Unity For Fedora (As in OpenSUSE or Arch)

Matthew Garrett mjg59 at srcf.ucam.org
Thu Feb 2 01:02:32 UTC 2012


On Thu, Feb 02, 2012 at 01:51:55AM +0100, Kevin Kofler wrote:
> Matthew Garrett wrote:
> > I'm on multiple spec bodies. If someone proposed an ammendment that
> > allowed two conforming implementations to be entirely incompatible, and
> > then argued that this was future proofing, they'd be laughed at.
> 
> The constraints actually relevant for compatibility are all specified very 
> clearly! E.g., there are some D-Bus methods, there is a string which takes 
> an icon name etc. Your implementation can look entirely different (that's 
> the point!), but it will still be COMPATIBLE.

It can be completely unusable. There's no way to design an application 
that will work with all valid implementations.

> > The purpose of a spec is to *ensure* interoperability between different
> > implementations. Any spec that relies on common sense is a bad spec.
> 
> So you WOULD specify the value of pi in your spec?! ^^

No, because it's adequately specified elsewhere. A correct 
implementation of this spec isn't.

> And the spec as is DOES ensure interoperability. It does not ensure visual 
> uniformity, by design. (Neither does the message-based notification spec 
> GNOME implements and recommends, by the way. The GNOME 3 message tray, the 
> Plasma notifier and the more traditional passive popup implementations used 
> elsewhere all implement the notification spec, yet look VERY different.)

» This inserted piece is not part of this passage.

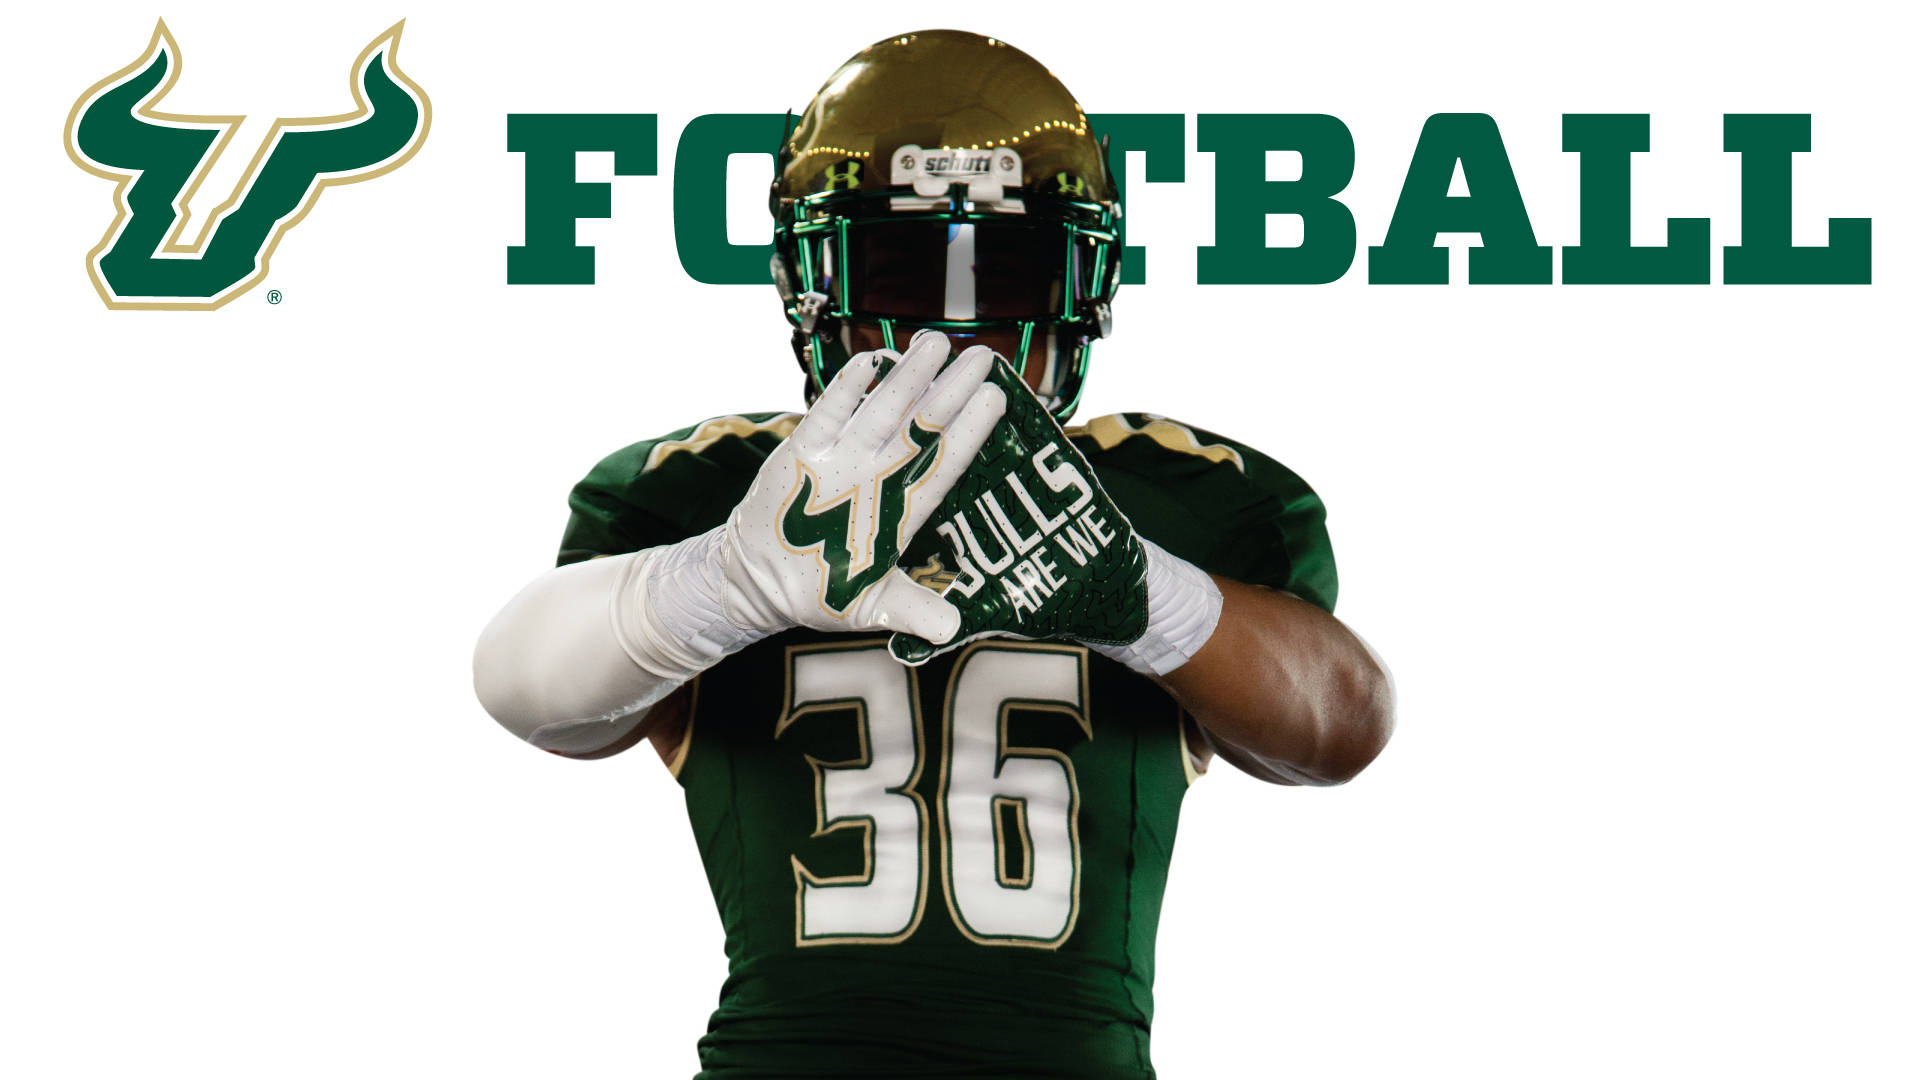  comOfficial Athletics Web Site of the University of South Florida

Yes, but it's not about visual uniformity. It's about ensuring that 
information is presented.

> And finally, even if the spec really were as badly written as you claim, it 
> would still be very much possible to interoperate with the actual 
> implementations. Samba was written without any spec at all, and unlike Samba 
> you even have the source code of the applications and workspaces you'd 
> interoperate with. So the quality of the spec is a very poor argument for 
> not being interoperable.

If the point is interoperability then just propose a version of the spec 
that actually guarantees useful interoperability.